● WHAT THE EXERCISE ASKS:
For this exercise, repeat exactly the lines below starting at the line holding "Décoration Chambre Moderne" and ending at the line holding "普遍的な普遍的なスピン美容と", both included, with no extra lines and no pictures.

● GIVEN DATA:
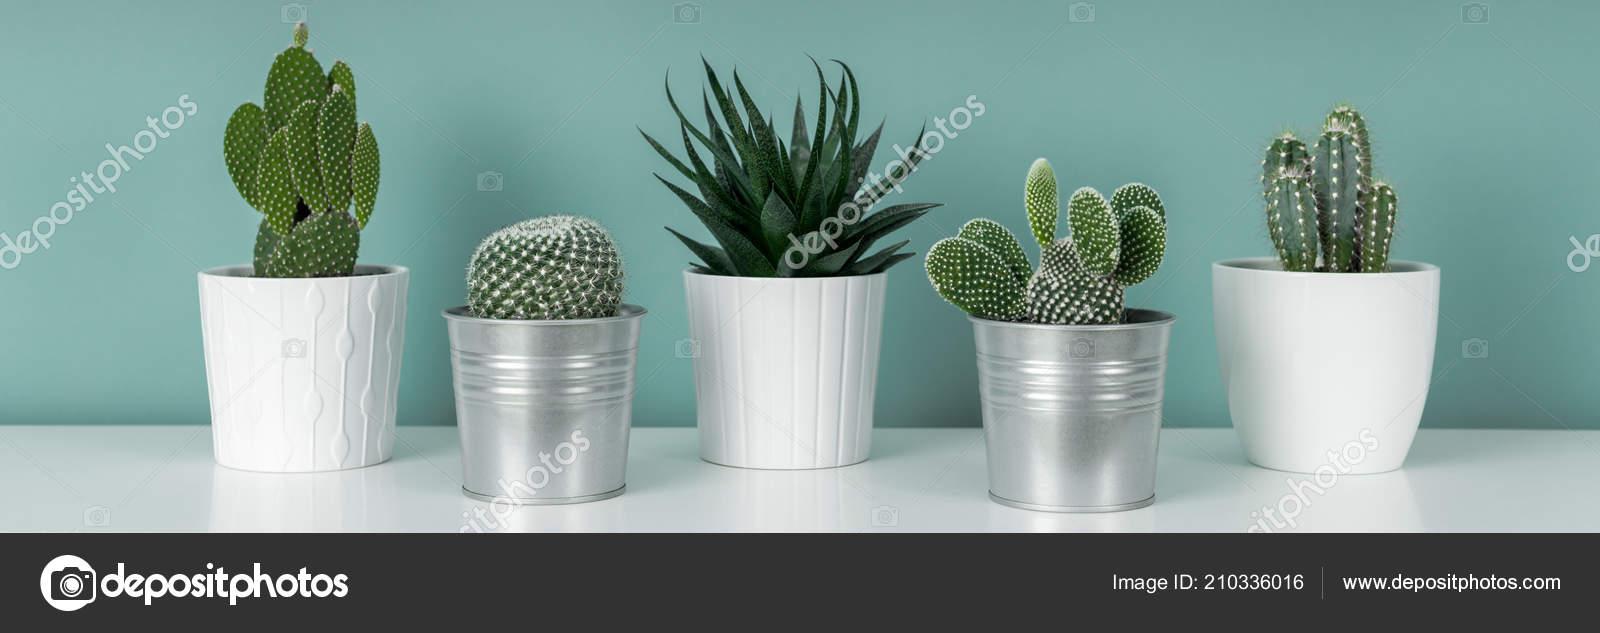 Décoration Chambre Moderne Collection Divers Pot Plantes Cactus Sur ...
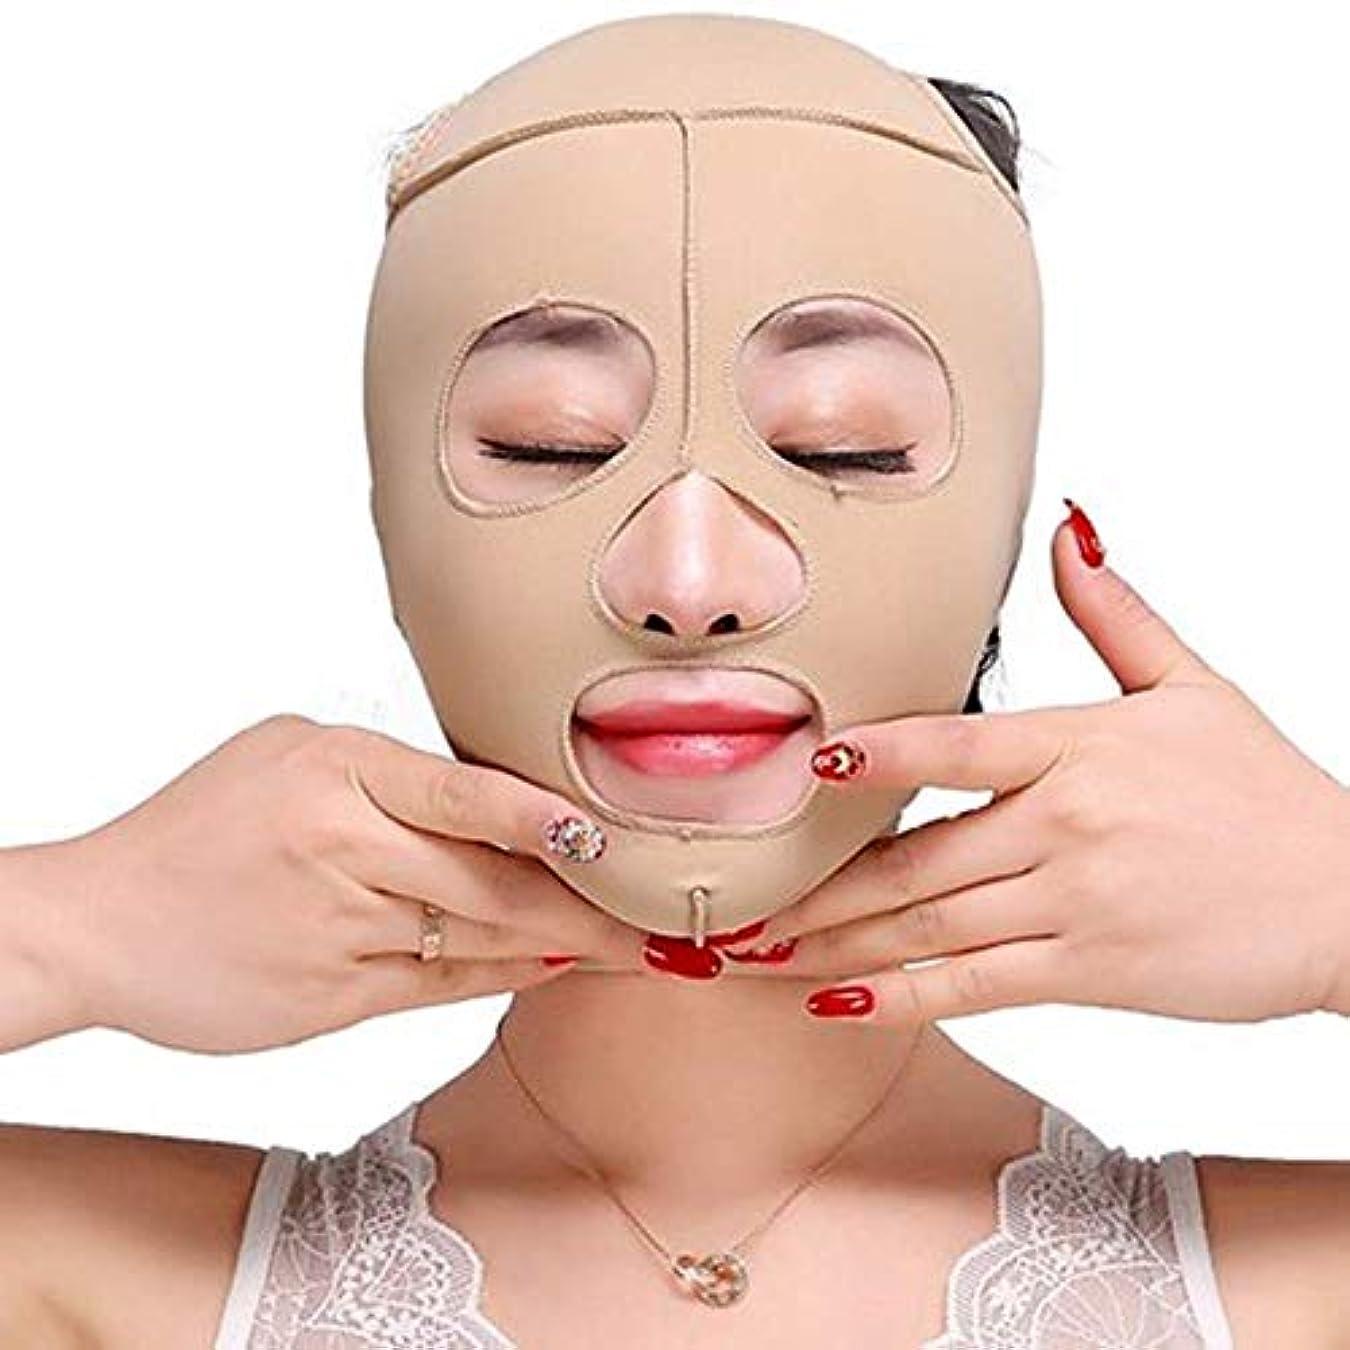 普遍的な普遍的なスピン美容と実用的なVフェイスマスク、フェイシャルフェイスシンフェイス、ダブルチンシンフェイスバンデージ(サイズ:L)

* * *

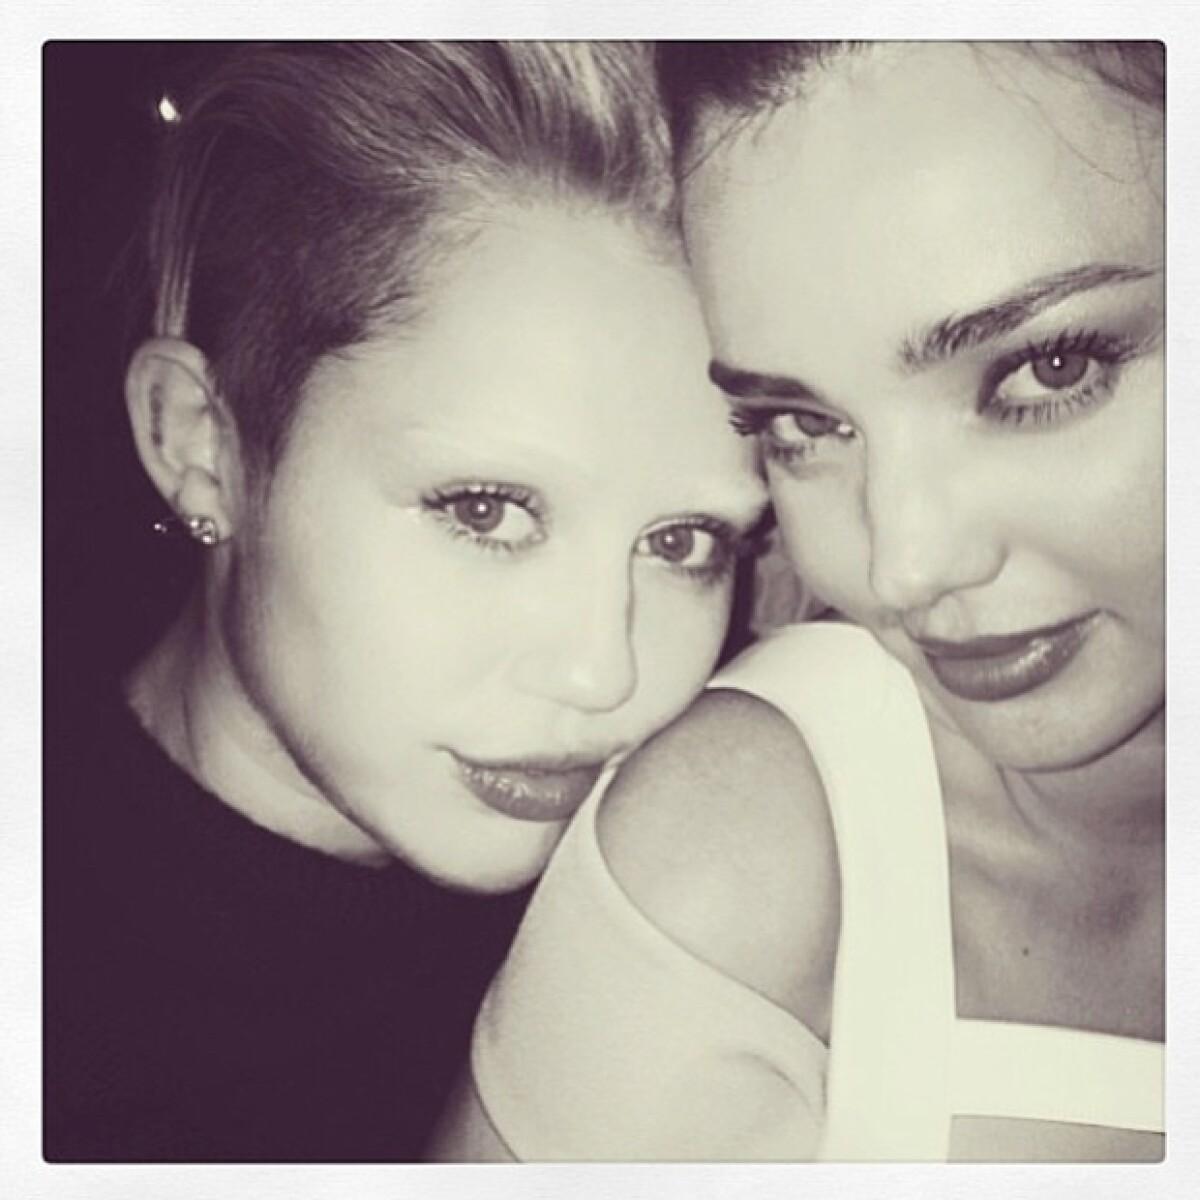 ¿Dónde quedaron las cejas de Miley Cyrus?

==

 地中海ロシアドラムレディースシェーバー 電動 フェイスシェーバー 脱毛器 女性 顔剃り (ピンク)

● REPLY TO THE EXERCISE:
 Décoration Chambre Moderne Collection Divers Pot Plantes Cactus Sur ...
 普遍的な普遍的なスピン美容と実用的なVフェイスマスク、フェイシャルフェイスシンフェイス、ダブルチンシンフェイスバンデージ(サイズ:L)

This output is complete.